La Rivière sans pont : Un Japon peu connu du début du XXe

Diffusé à la Cinémathèque Française à Paris dans le cadre de la manifestation « Les productions Siglo », La Rivière sans pont (Hashi no nai kawa) est un long-métrage de Yôichi Higashi réalisé en 1992. Comme les autres films projetés lors de l’évènement, La Rivière sans pont met en lumière un problème de la société japonaise peu traité par le cinéma. Adapté du livre de Sumii Sue, il s’agit de la discrimination que subit la classe « eta » au début des années 1900.

Les « eta » sont des personnes n’ayant pas un métier fixe ou ayant un travail peu valorisé, qui vivent généralement le long des rivières. Non reconnus comme « humains » aux yeux de la population, leurs droits sont donc très restreints. Il est d’une certaine façon impossible pour eux de changer de classe et d’autant plus difficile de bouleverser les mentalités.

Les « eta » sont par exemple les seuls à exercer des métiers liés à la mort, qui, dû aux croyances religieuses, étaient très mal vus au Japon pendant cette période. Il leur est en outre interdit de se marier avec une personne qui n’est pas de leur rang.

Dans La Rivière sans pont, on nous raconte l’histoire de la famille de Seitaro et Koji, qui habitent un village de « bunraku » nommé Komori, près de Nara. On découvre le quotidien de cette classe sociale à travers le parcours de ces deux jeunes hommes depuis l’école primaire, comme leur rapport avec les autres élèves de la classe ou la difficulté de trouver une bonne situation. On nous montre à voir un portrait réel et poignant de leur situation. Le long-métrage raconte aussi leur combat pour se faire accepter dans la société, se faire reconnaitre en tant que personne.

En effet, bien qu’après Meiji leur statut ait été révoqué pour être remplacé par celui de « classe roturière », rien n’a vraiment changé.
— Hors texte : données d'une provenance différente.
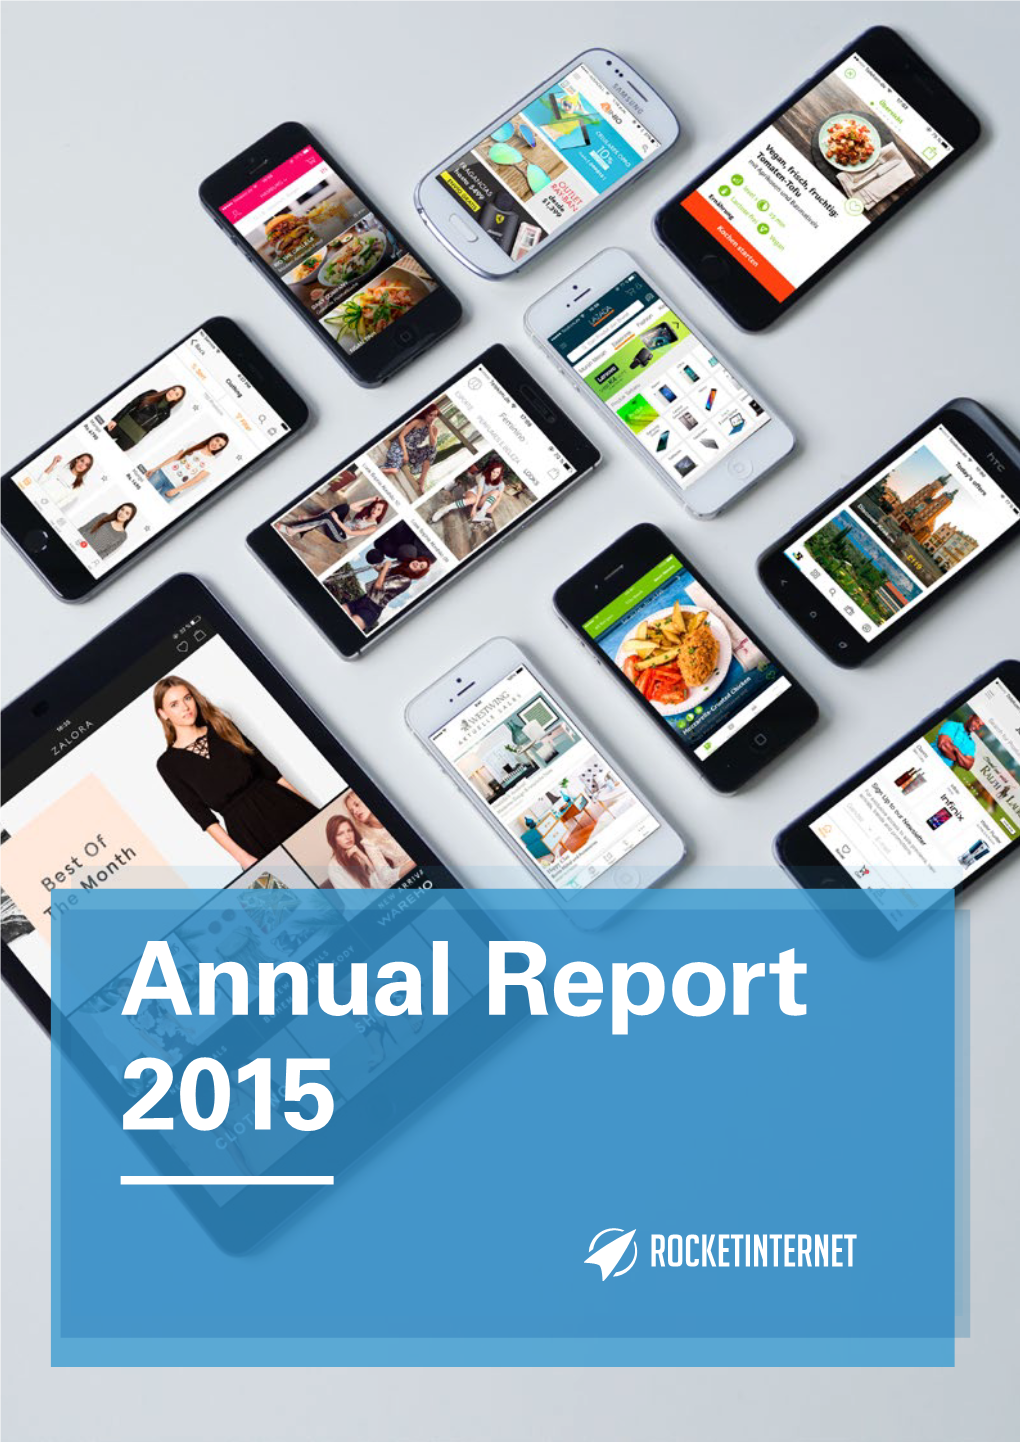 Annual Report 2015 Key Figures

Le nom leur donne un rang plus « noble », mais ils vivent toujours exclus. C’est pourquoi dans le début des années 1900, des groupes politiques se forment pour essayer de faire bouger les choses. Malgré quelques longueurs et une fin qui peut être difficile à envisager, La Rivière sans pont, est un film bien mené qui montre les différents obstacles auxquels est soumise la communauté « eta » avec une touches d’humour.